After the bombing of two churches in Tanta and Alexandria in April 2017, President Abdel Fattah al-Sisi declared a three-month state of emergency. An hour later, the authorities confiscated that day’s edition of Albawaba newspaper, which demanded that the Minister of Interior be held accountable for failing to prevent the bombing.
Under emergency laws, the authorities have broad powers to impose surveillance and censorship on media. On 10 April, the head of the Egyptian parliament, Dr Ali Abdel’al announced that these laws will extend to social media platforms, such as Twitter, Facebook and YouTube. He added that these platforms were being used as means of communication between “terrorists” and warned that online offenders would face prosecution.
The vaguely worded articles of Egypt’s counterterrorism law also allow punishments of up to 15 years in prison for establishing a website for the purpose of promoting “terrorist ideas” and grant the authorities the power to block websites suspected of promoting “terrorism”.
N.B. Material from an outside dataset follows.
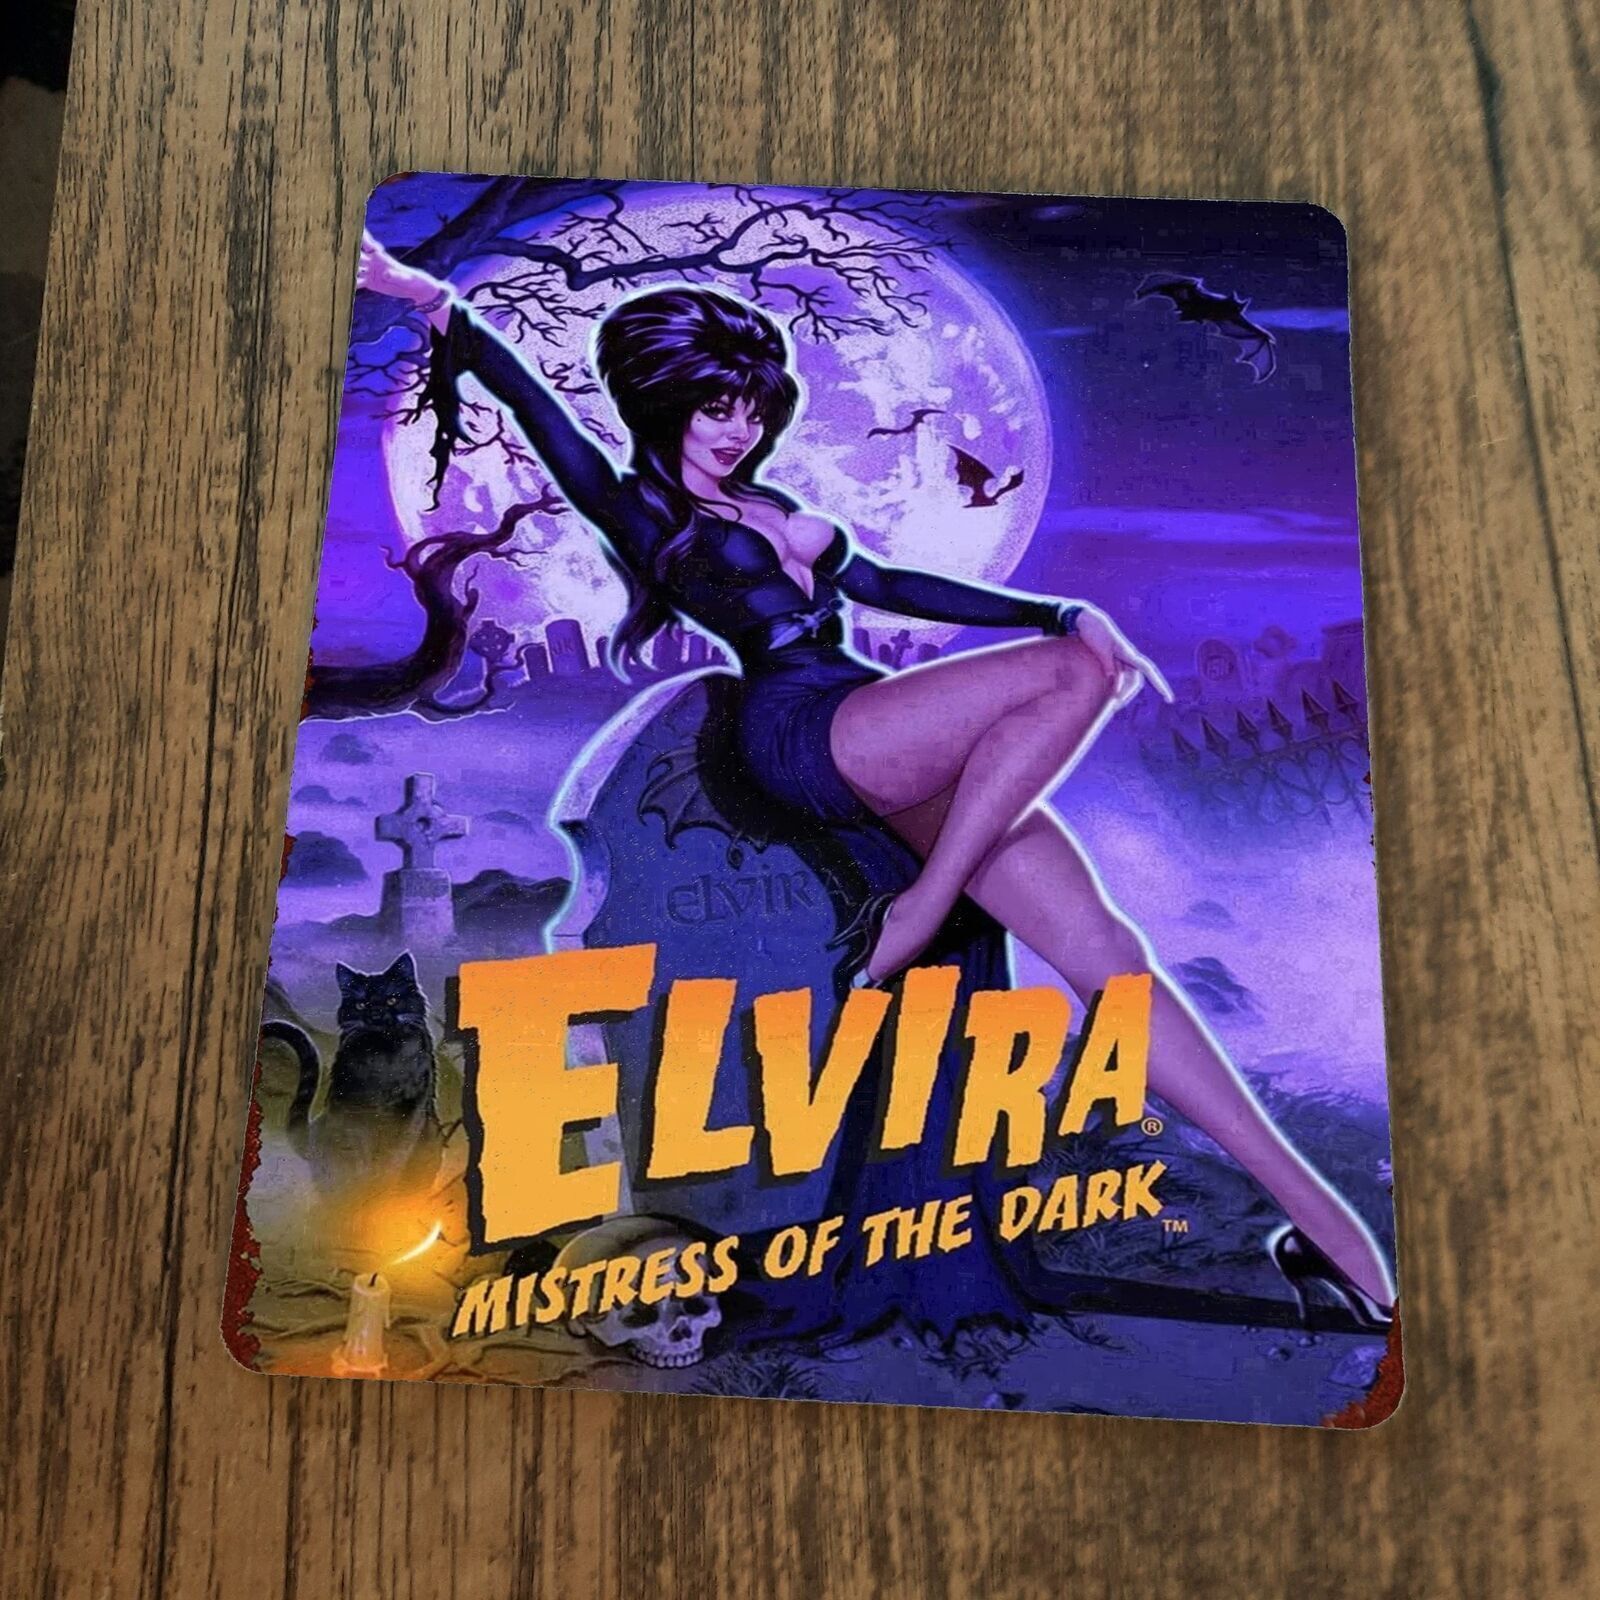 Blue Elvira Mistress of the Dark in Cemetery Mouse Pad
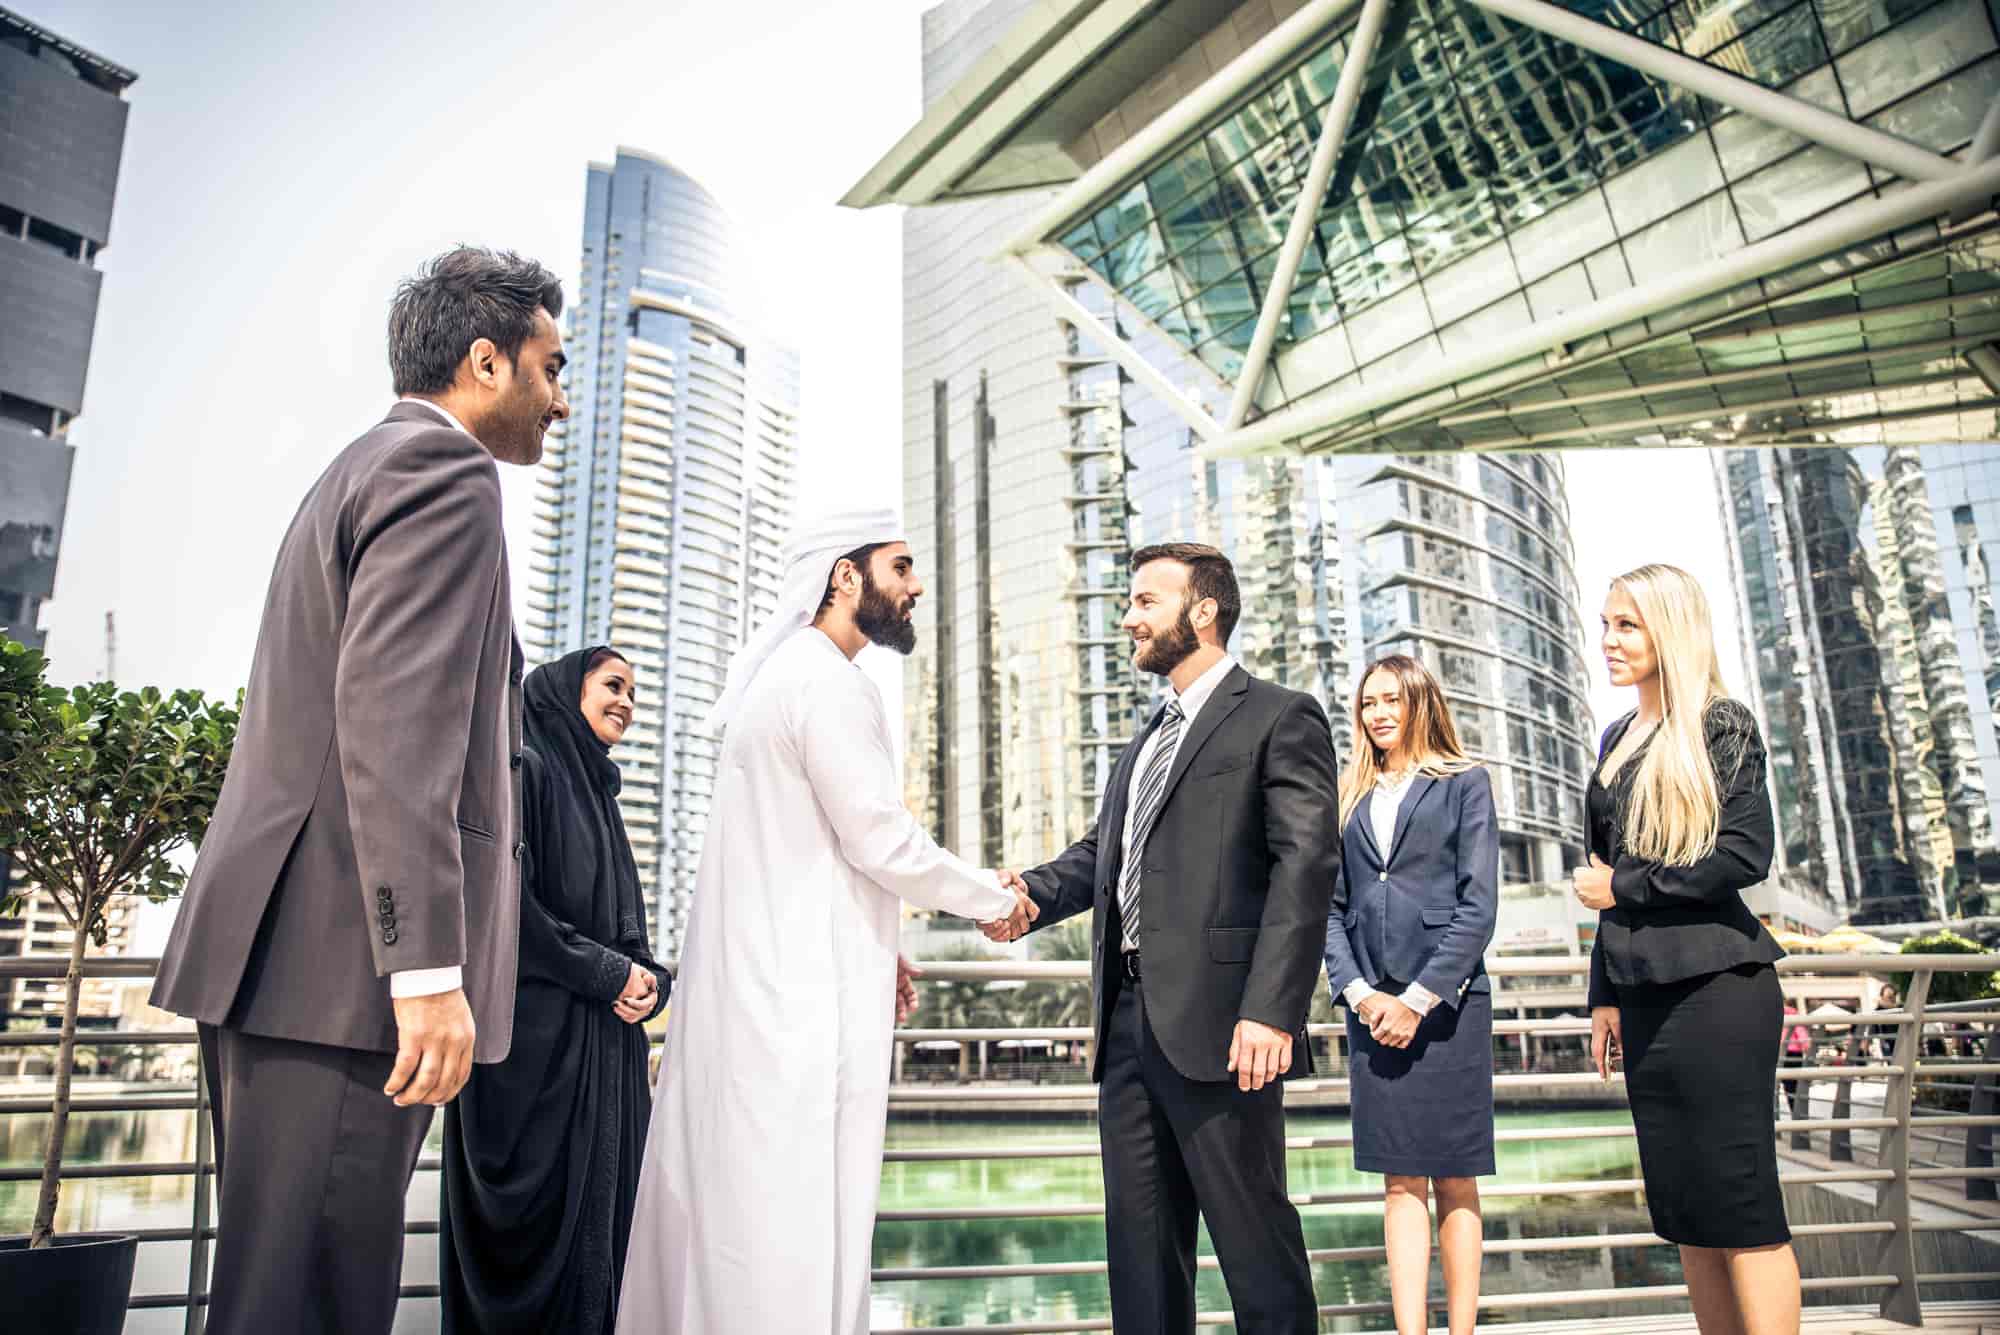 FOUR BOOMING UAE INDUSTRIES TO WATCH IN 2021

Two of the blocked websites, Daily News Egypt and Elborsa, belong to the Business News Company, which is licensed by the government. In November 2016, the government froze the company’s assets under the pretext that it belonged to the Muslim Brotherhood, without providing evidence to support this claim. The paper’s 230 staff have not received their salaries since.
Representatives of many of the websites affected have filed complaints with the Press Syndicate, the National Council for Media, the Ministry Communications and the Public Prosecutor, but so far received no response. Mada Masr has filed an appeal against the decision to block its website before an administrative court, but it has not yet heard the appeal.